▸ Collected data
_____

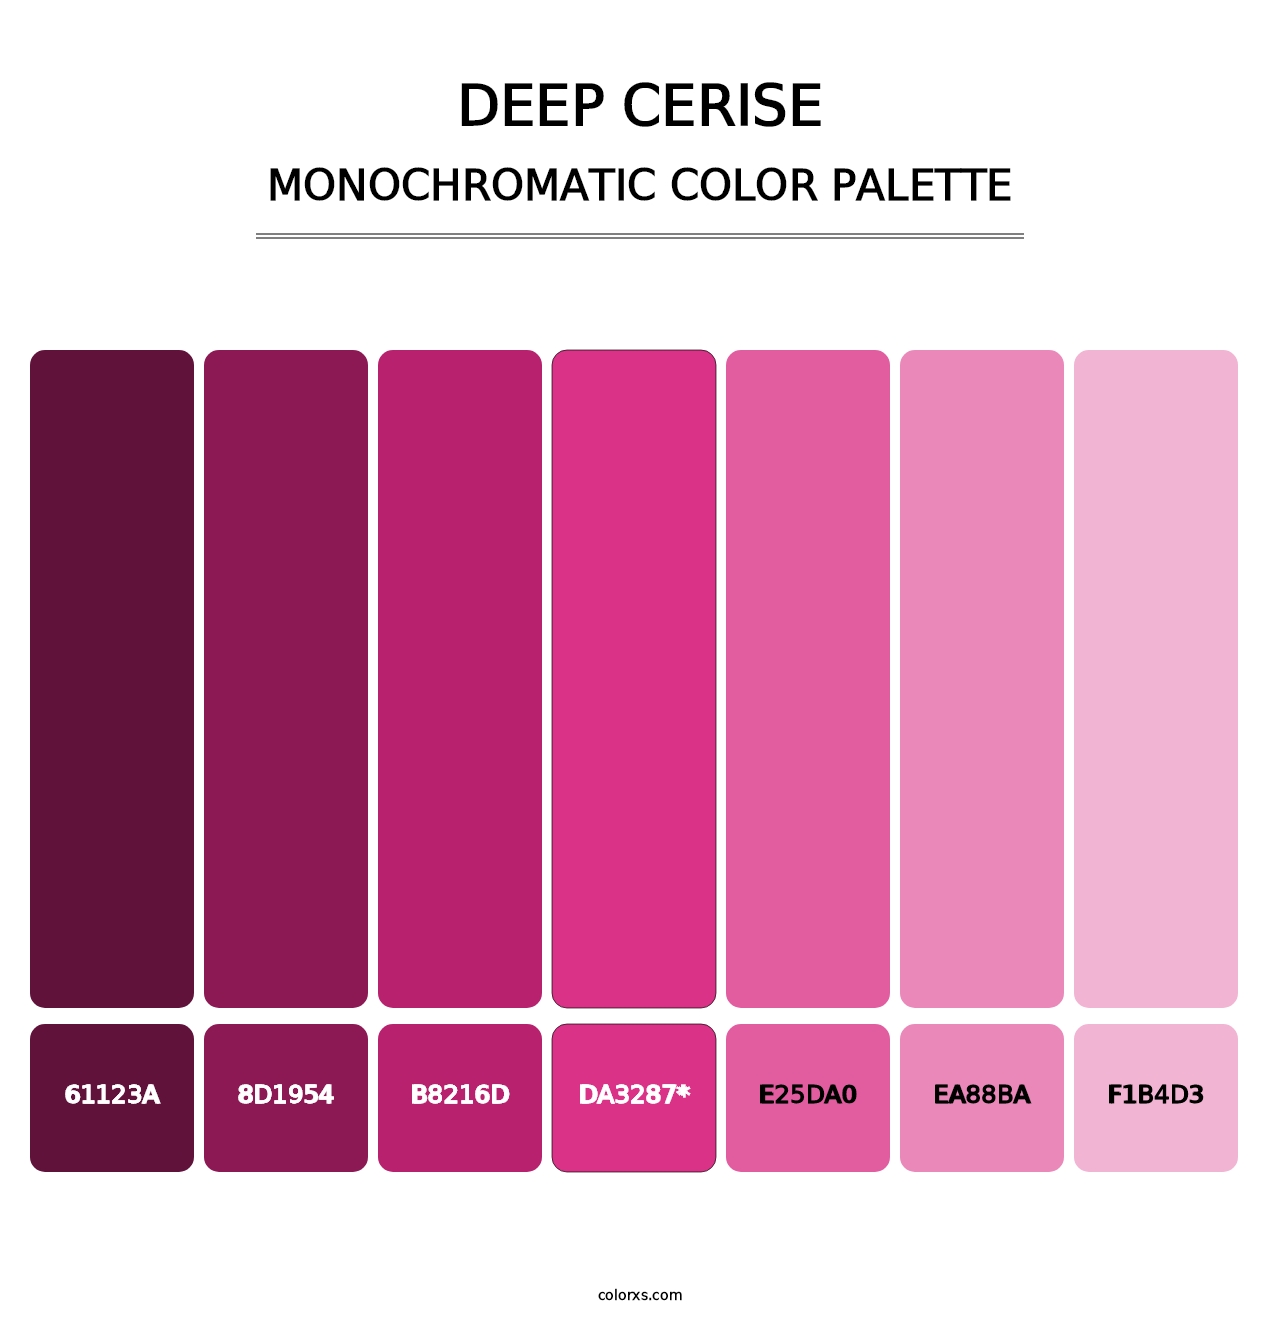 Deep Cerise - Monochromatic Color Palette
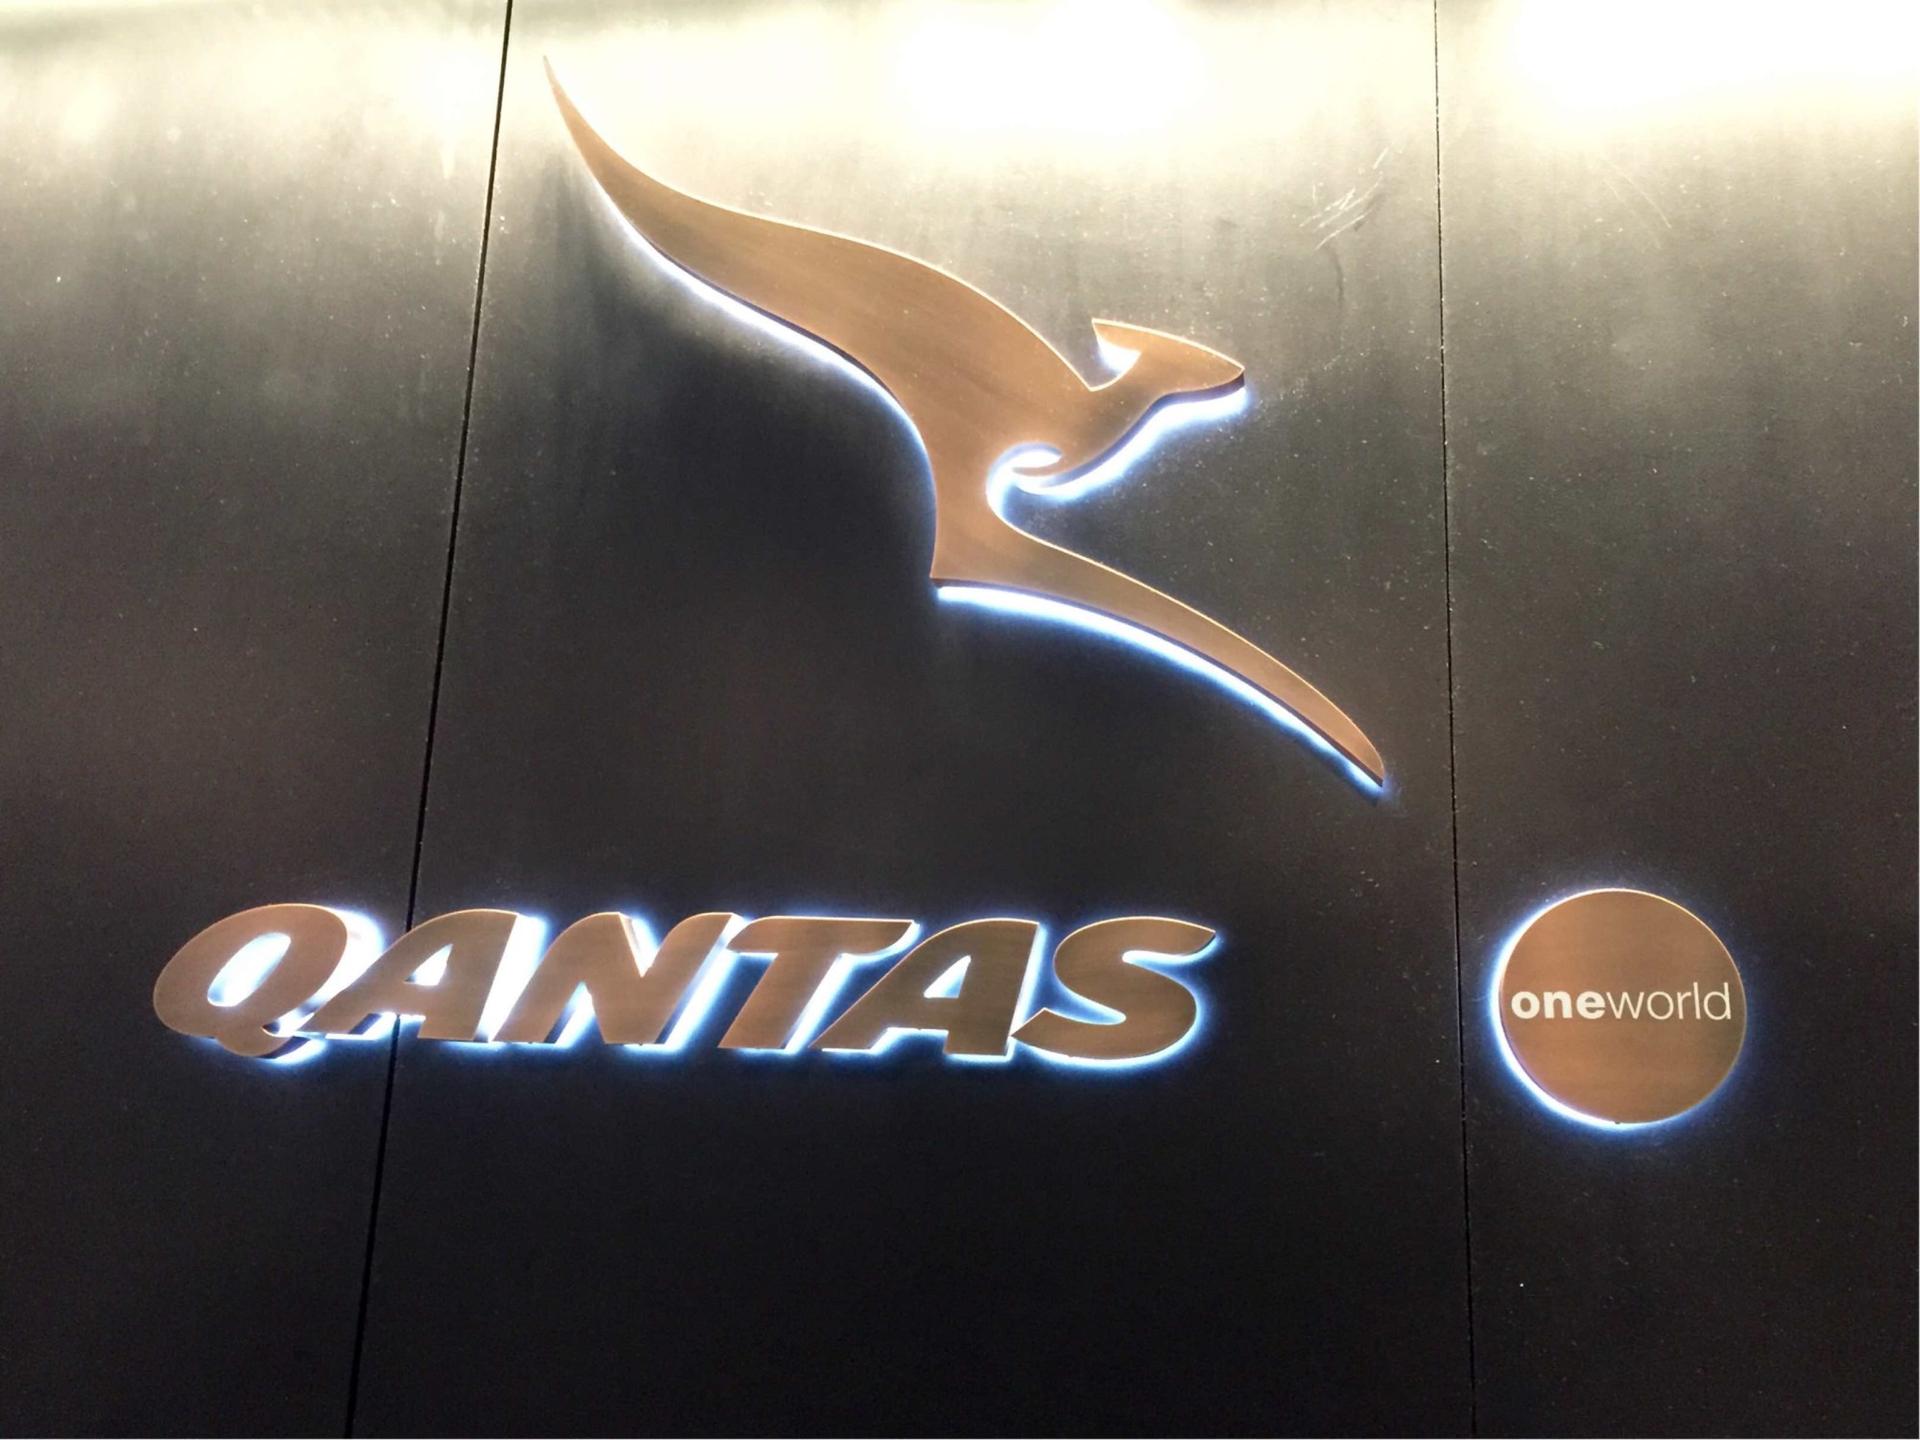 The Qantas Hong Kong Lounge image 50 of 99
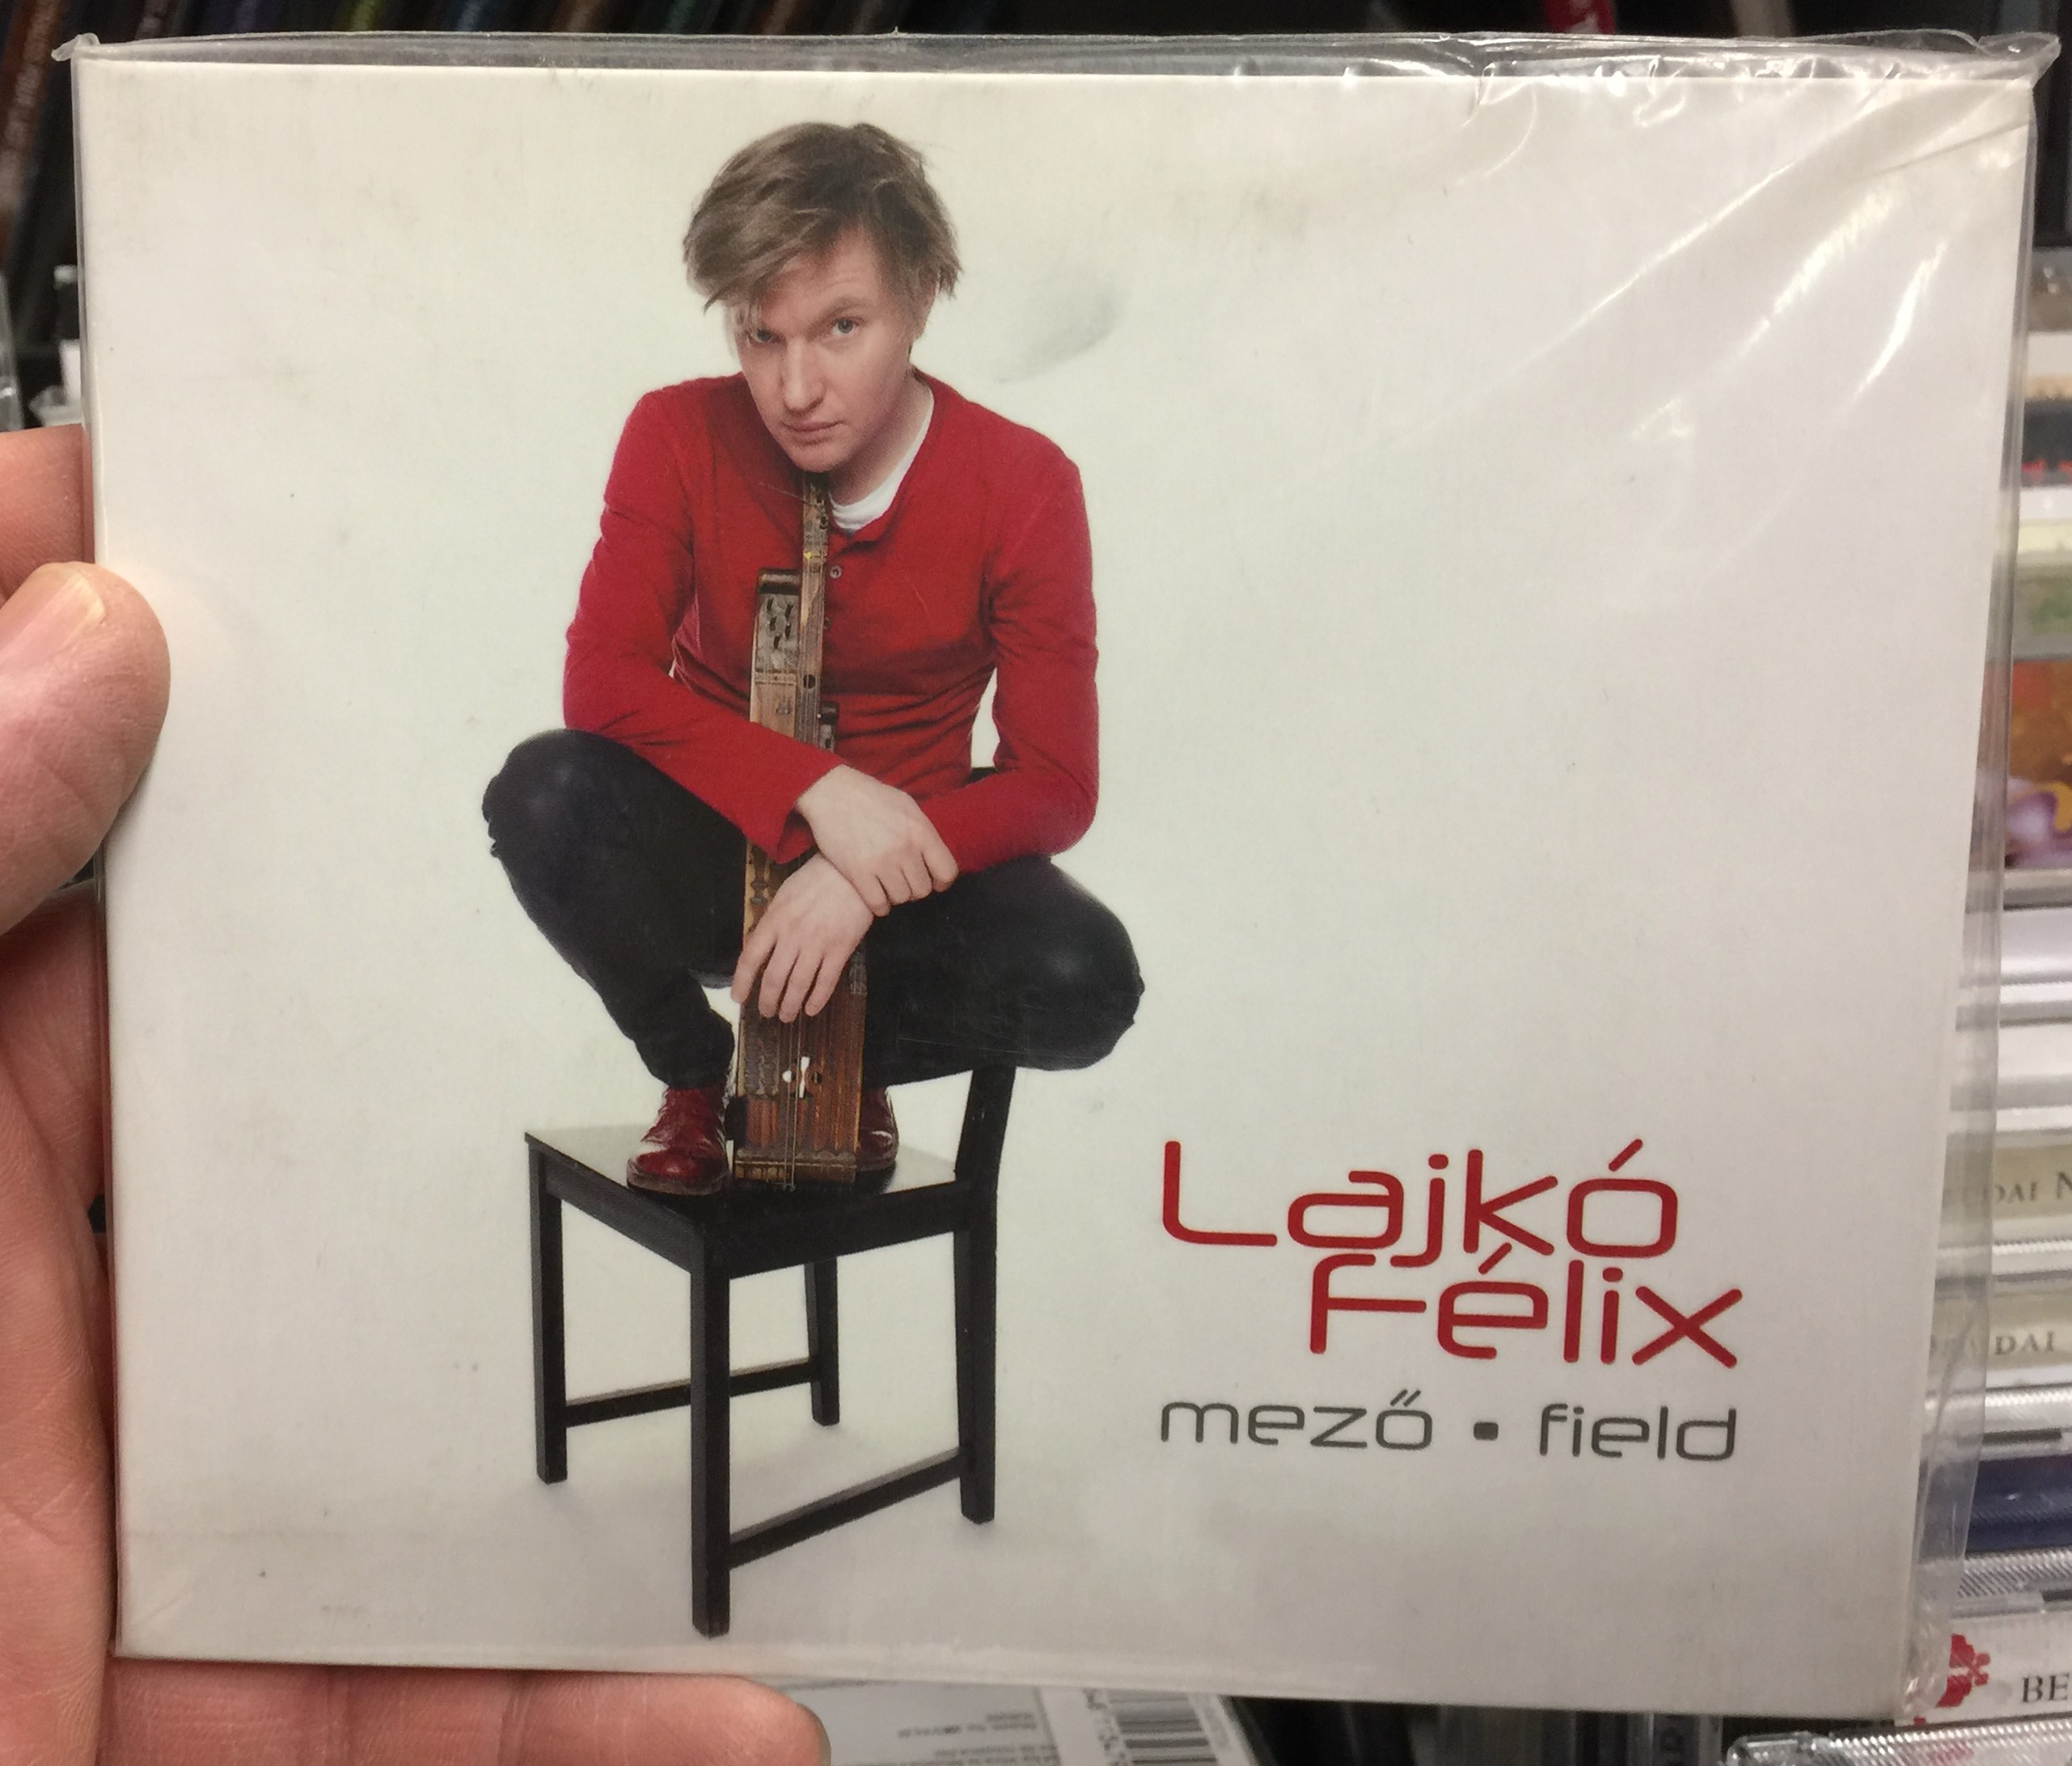 lajk-f-lix-mez-field-fon-records-audio-cd-2013-fa-283-2-1-.jpg

_____

▸ Your task
Reproduce the listing exactly, images omitted.

▸ Exercise result
 Deep Cerise - Monochromatic Color Palette
 The Qantas Hong Kong Lounge image 50 of 99
 lajk-f-lix-mez-field-fon-records-audio-cd-2013-fa-283-2-1-.jpg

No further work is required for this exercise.